Thursday, March 8, 2012

Your yoga practice is perfect just the way it is today

This might sound a bit cheesy but can you try to practice with the notion that you are perfect just the way you are, that your yoga practice is perfect just the way it is today, that there is nowhere to go, nothing more to strive for. That yoga isn't something that happens when you finally get into that challenging armbalance or when you can sit in meditation for several minutes in stillness without your mind racing in the speed of a Ducati on the highway..

Can you try to grasp the idea that there is nowhere to go, nothing to aim for but being in the present moment? And that this moment is perfect just the way it is, with all its' flaws and imperfections. That your yoga practice is perfect with all your bodily aches and stiffnesses. Yoga is presence. Yoga is here and now. A practice of awareness and mindfullness.

I teach alignment based flow classes; meaning that I focus on alignment and details in the poses as well as dynamic movements. This focus on alignment helps us to be safe in the various poses, it helps us to avoid injuries and it enables us to come as deep and correct into the asanas (poses) as possible.
But we also use this focus on details and alignment as a tool for meditation, in order for us to become more present in the HERE AND NOW. How so? We shift our focus from our never ending stream of thoughts; our monkey minds that wander from thoughts to thoughts, to bodily awareness. Our bodies are something concrete, something tangable and easy for the mind to grasp. Something gross as oppose to something subtle. We can see, touch and feel our bodies as oppose to more subtle aspects of our beings such as our thoughts, feelings, levels of energy.
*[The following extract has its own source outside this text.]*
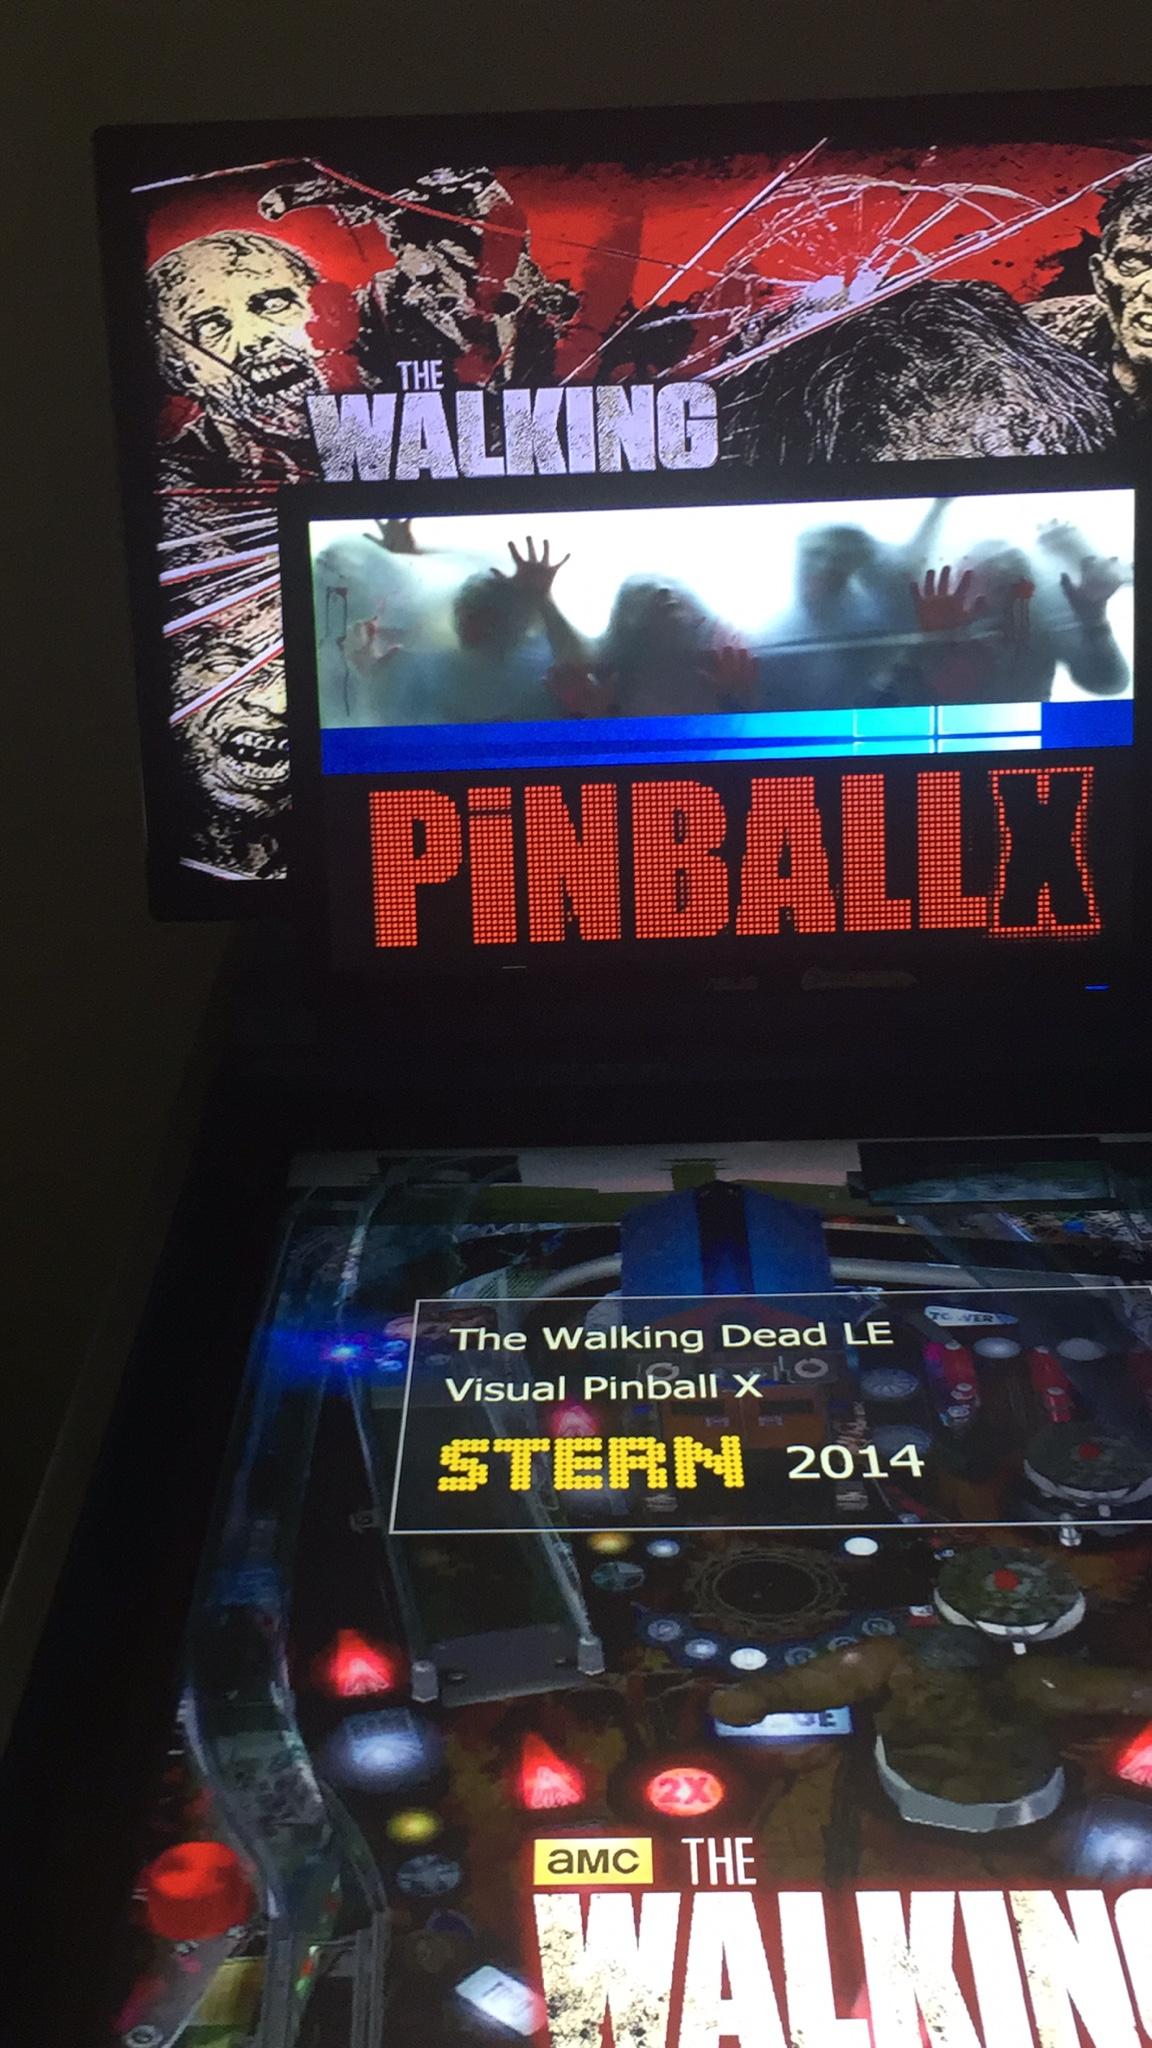 Making a Pinball Emulating PC

So by focusing on different parts of the body at the same time; like in Warrior 2...all four corners of the feet pressing equally down in the mat, the front thight being paralell to the floor, the front knee pointing to the pinkie toe, our arms elongating out to the sides etc.. focusing on these different parts of the body all at the same time becomes then a meditation of its' own; our fluctuating minds might become still for a while and we get into the present moment through our bodies. Like Mr Iyengar said; 'Focusing on one point is concentration, focusing on several points at the same time is meditation'.

This said there is no doubt then that alignment-based yoga is something that appeals to me; both in my own practice and in my teaching. However, this focus can sometimes make me forget the most essential part of yoga; that yoga is presence, something happening here and now... yoga is doing and being at the same time, yoga is a state of mind, a practice of awareness and mindfullness. And it's not so much about mastering that challenging pose or having to practice 90 minutes 6 days a week to be a able to call my practice a genuine yoga practice.
This is what yoga is to me anyhow, it might feel different for you.

So my practice is perfect just the way it is today, with all it's flaws and imperfections. No where to go, nothing to strive for except for being in the present moment.